Я закрыла глаза. Холодная вода заливала меня, а мне казалось, что я лежу в теплой козьей шубе, на печи, и мне несут кринку с топленым молоком и горячий калач. Я не слышала, как мы наткнулись на чужой корабль в чужих водах, как нас подобрали, втащили на чужую палубу, растерли спиртом, закутали в ватные одеяла. Я лежала, завернутая в одеяло, как младенец, из закрытых глаз моих текли слезы. Мне в зубы толкали кружку с горячим питьем.
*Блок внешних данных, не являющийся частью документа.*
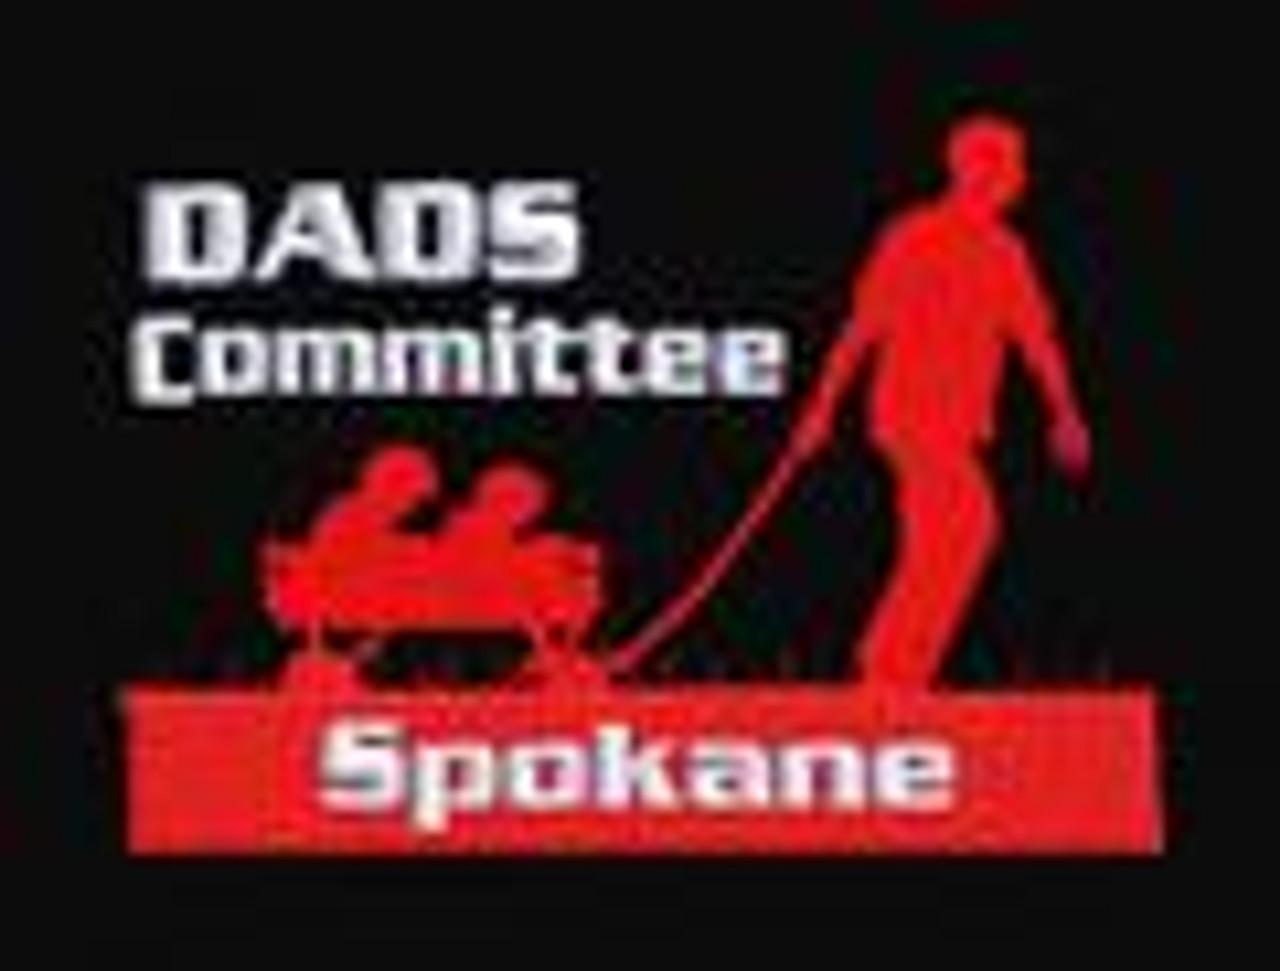 Dad's Committee of Spokane

А я видела перед собой только лицо дочери, мотающееся на волнах вверх-вниз в обкрученной канатами шлюпке.

Я не помнила, как ее звали. Анна… Мария… Анастасия… Елена… Елизавета… Ольга… Слезы текли из-под век. Заливали соленые брызги лицо.

Если она утонула, Господи, вознеси ее к ангелам. Только не делай ей больно, когда вода начнет захлестывать ей горло. Забивать легкие. Она была легкая, как пушинка. Она медленно будет опускаться на дно.


Призраки шлюпок плыли в Ксеньиных снах. Спасение… Спаслась… Ей это казалось вымыслом, бредом.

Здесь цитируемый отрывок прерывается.